If you're looking to put in just a little additional effort, some small changes while keeping the core of the lazy approach are possible:

  • If you can get enough main city support to build one out of the gate, 1 Goat Farm replaces *all* of the supply producers in the above layout.  Or 1 Arch replaces *all* of the culture.  This would be a slightly different grid but can save you expansions or enable you to build more production so you can do more on later days.  You can come up with a bigger plan based around what you can afford from your main city support.
  • Fighting is cheaper when it works and if you can autobattle it's not that much additional effort.  Especially on day 1, fighting can be nearly "free" (no troops lost) with 8 ballista or 6 ballista and 2 archers.  If you have some boost to your QI troops from your main city it can last for more days.  This means additional coins and supplies saved for later days.  It is more clicking though compared to "check the max box and donate all".  If doing this you may wish to work to replace 1 of the culture with an arch so that you don't need to sell rooftile houses.  and upgrade 1-2 of the rooftile houses to better houses so you can have both archer and iron production available when the fighting days end as you'll have some extra coins and supplies to donate troops too.

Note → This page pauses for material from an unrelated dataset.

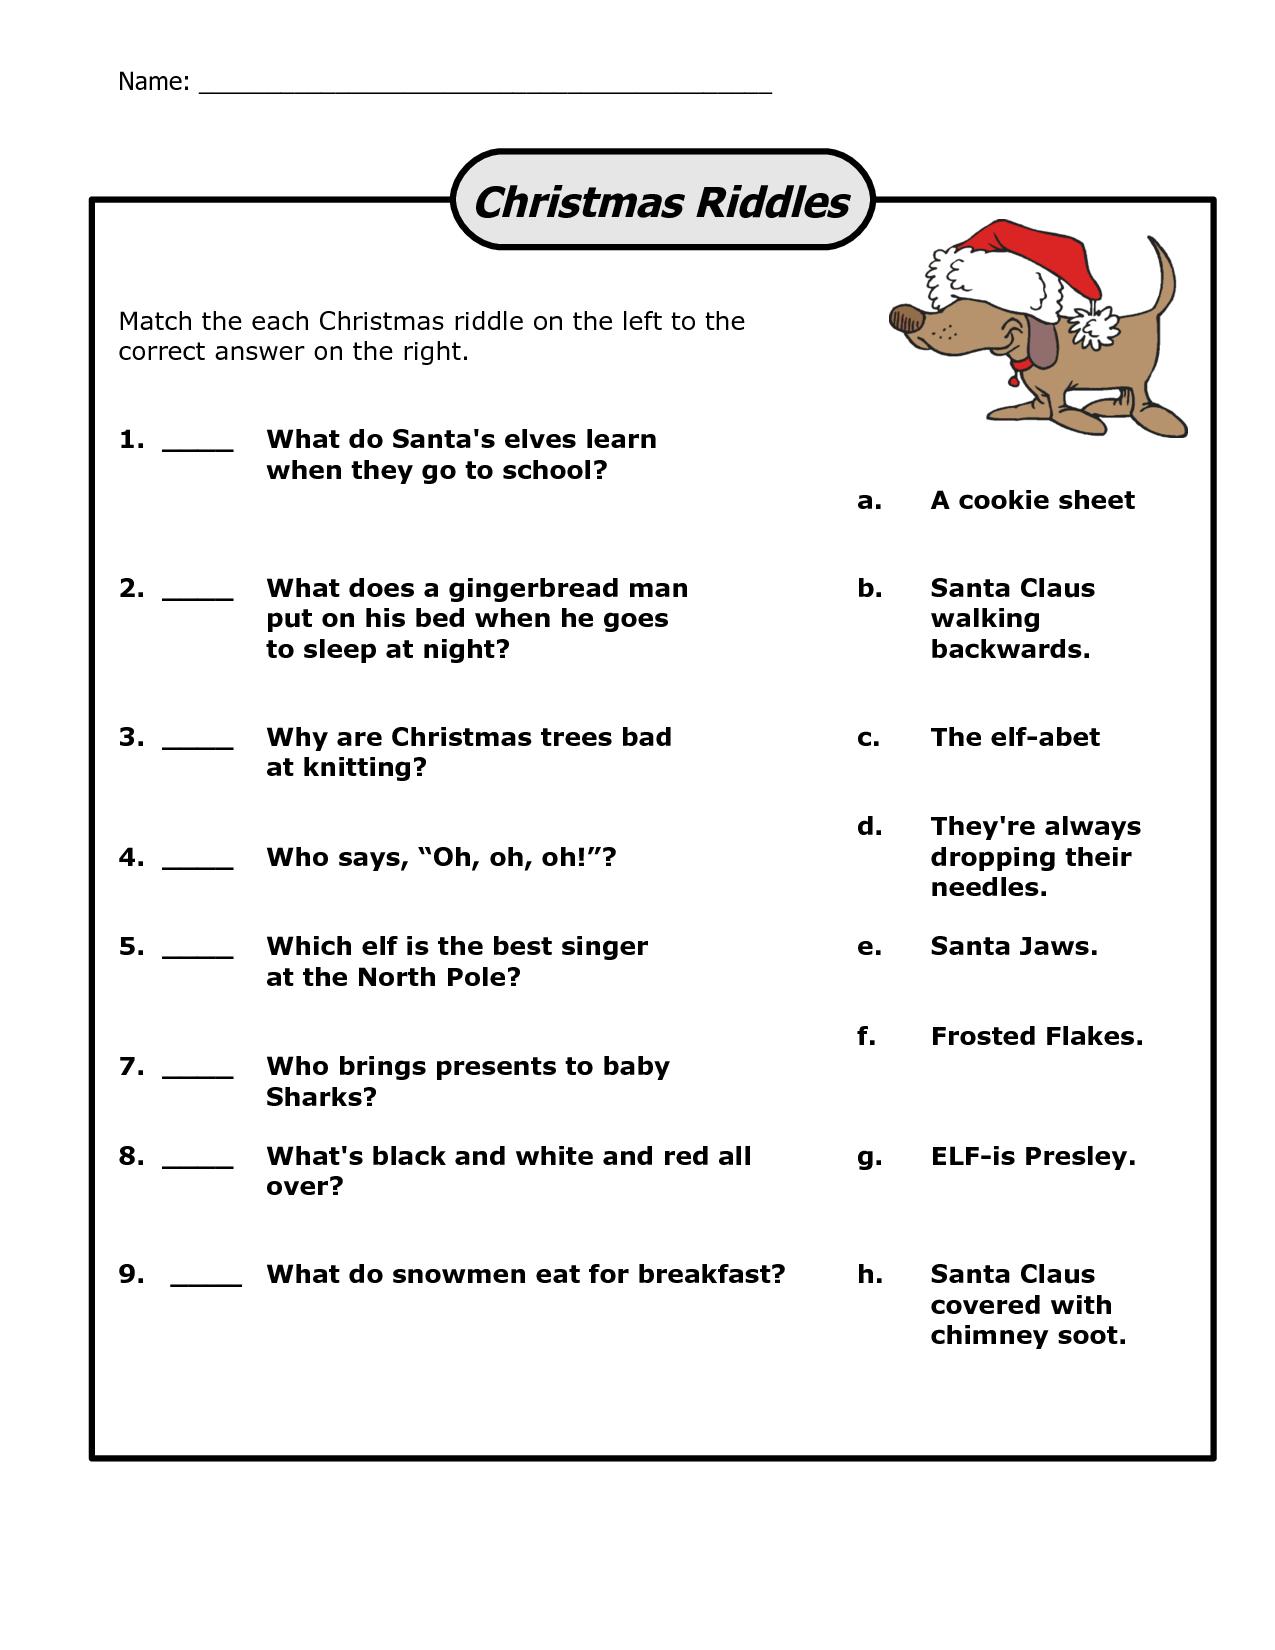 Funny Christmas Riddles | Christmas | Christmas Riddles, Christmas - Free Printable Christmas Riddle Games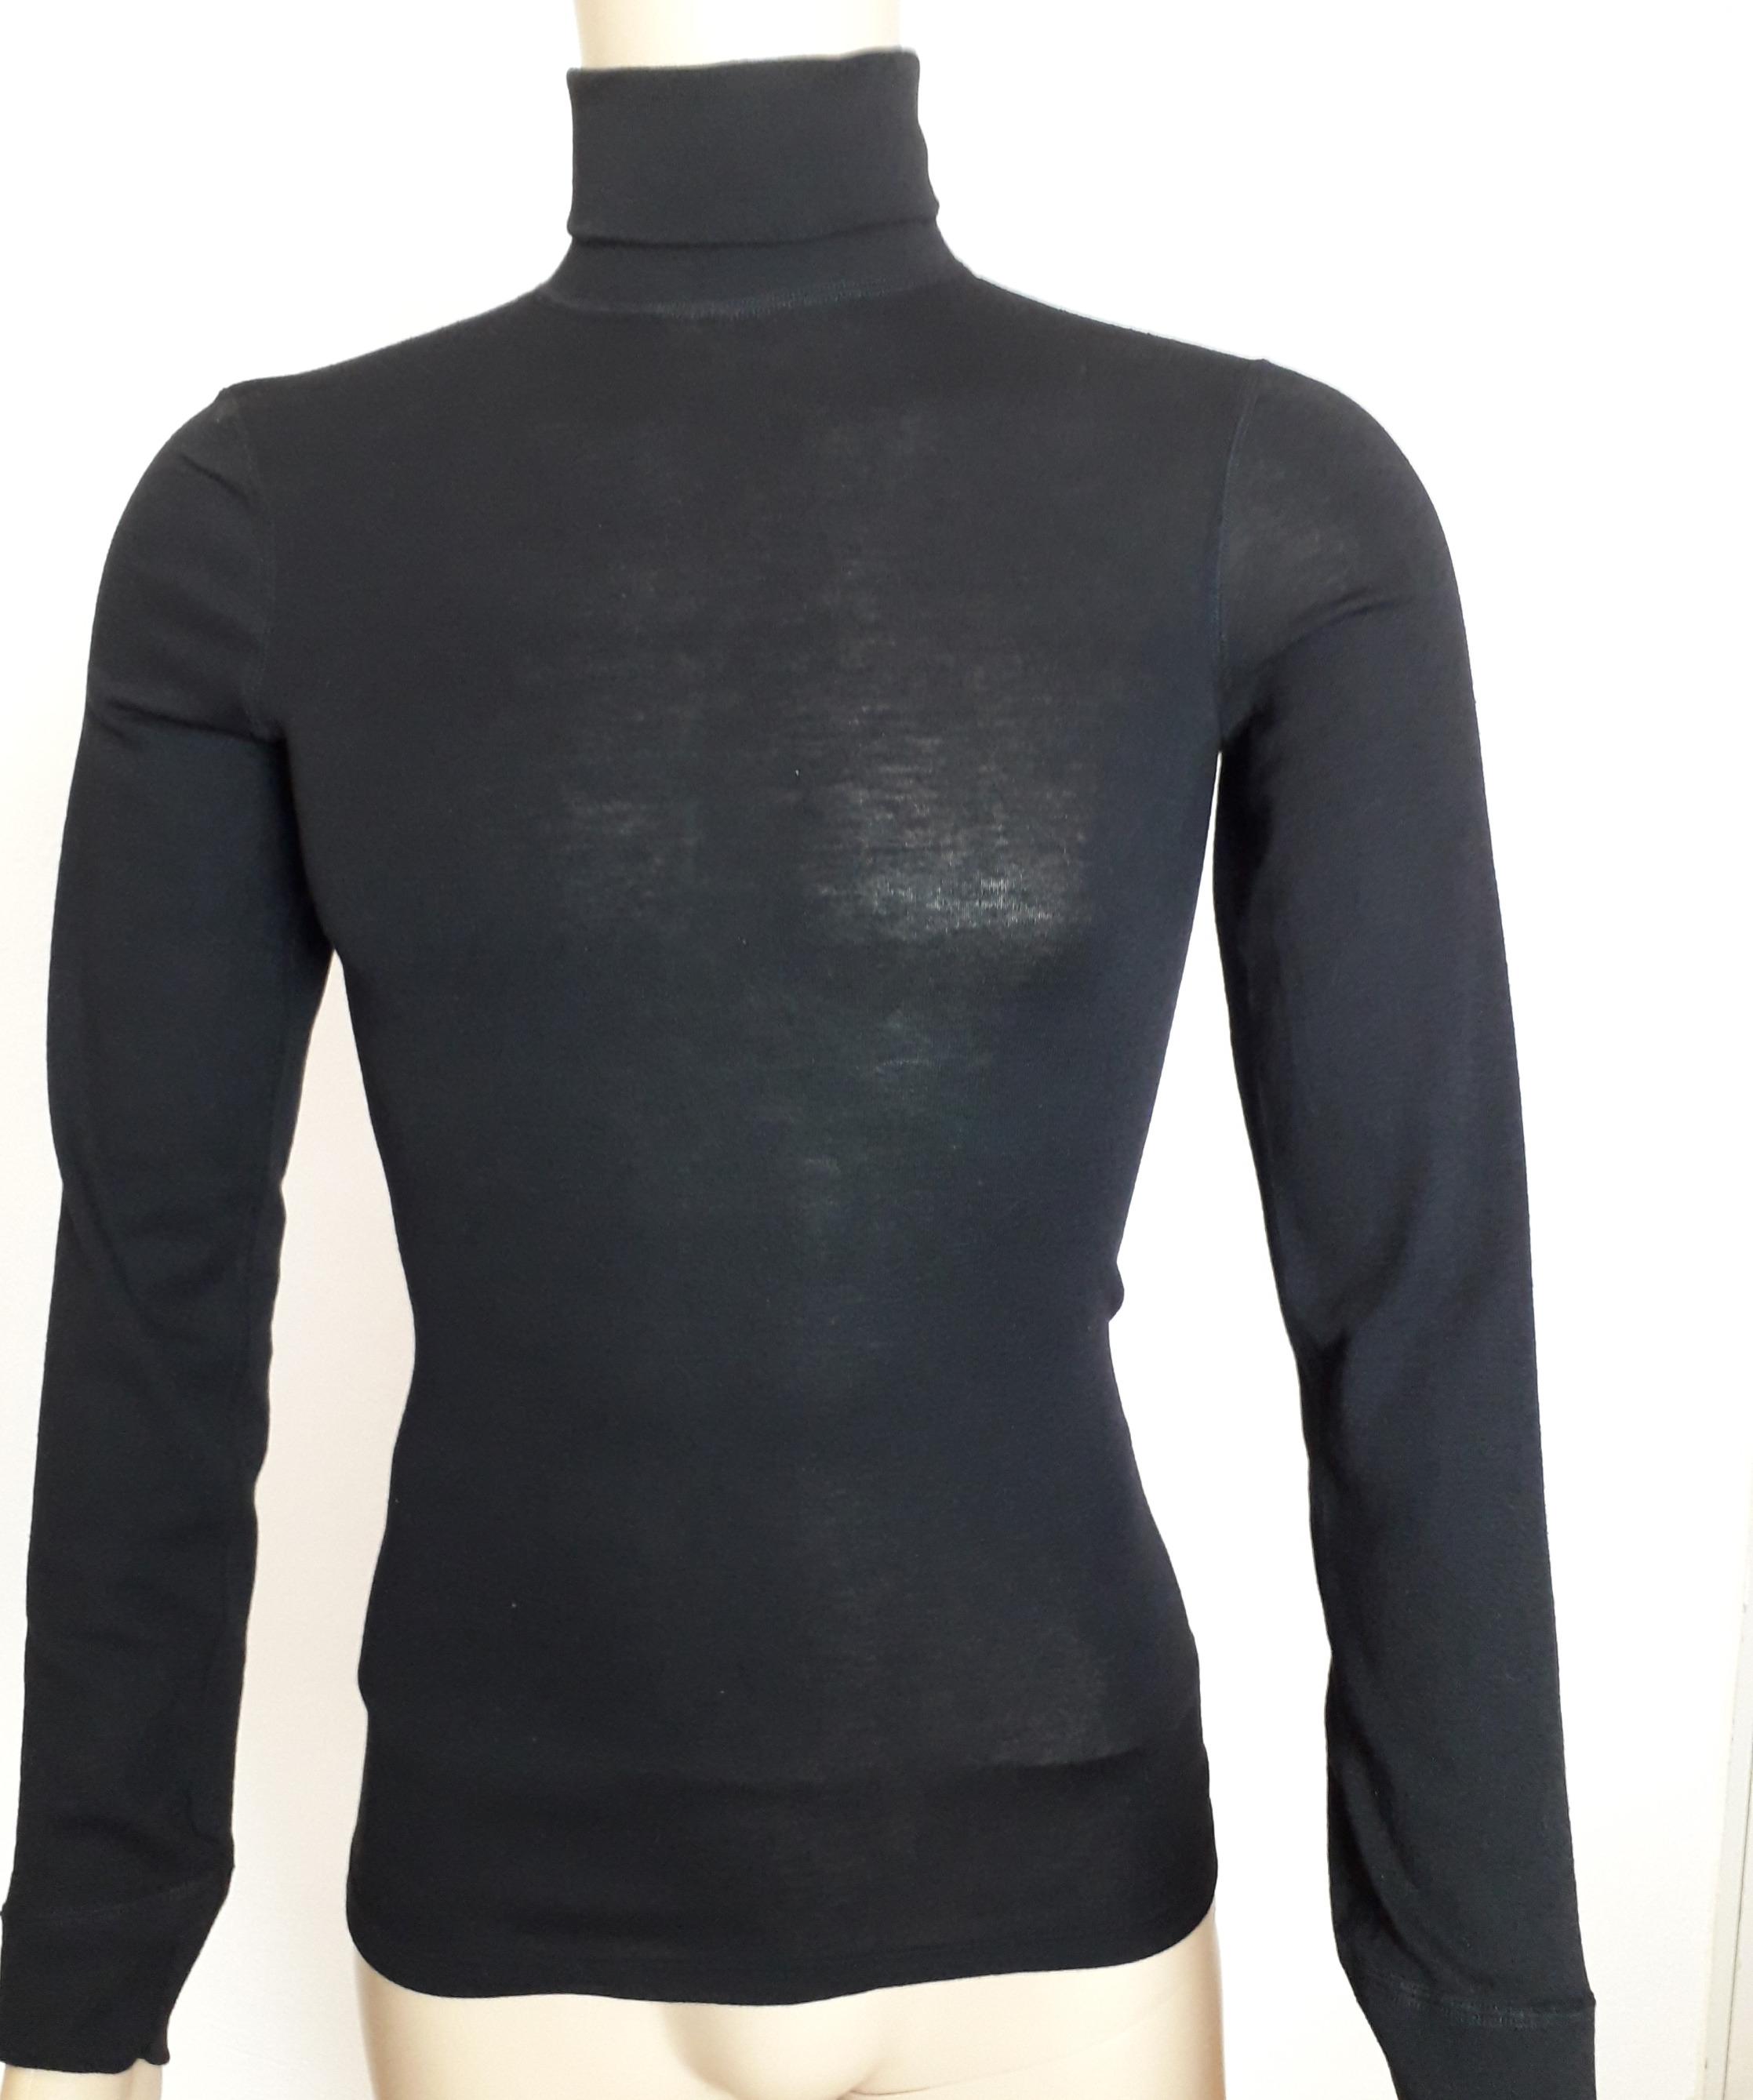 "Unisex Rollkragen - Shirt ""Sven"""

  • If day 11+12 aren't too useful to your guild (which if you're in a solo guild = up to you), you can start day 1 after midnight eastern and have a full 24 hours for day 1 instead of 16 hours. And 8 hours for day 11 (no day 12).  The expected difference in the above strategy is ~17 fragments less and ~60 progress more for starting at midnight on the first day instead of 8 am.  It could have more of an advantage if you fight on early days.

You will need to adapt the timing and amounts of goods and troops produced to match your optimisations.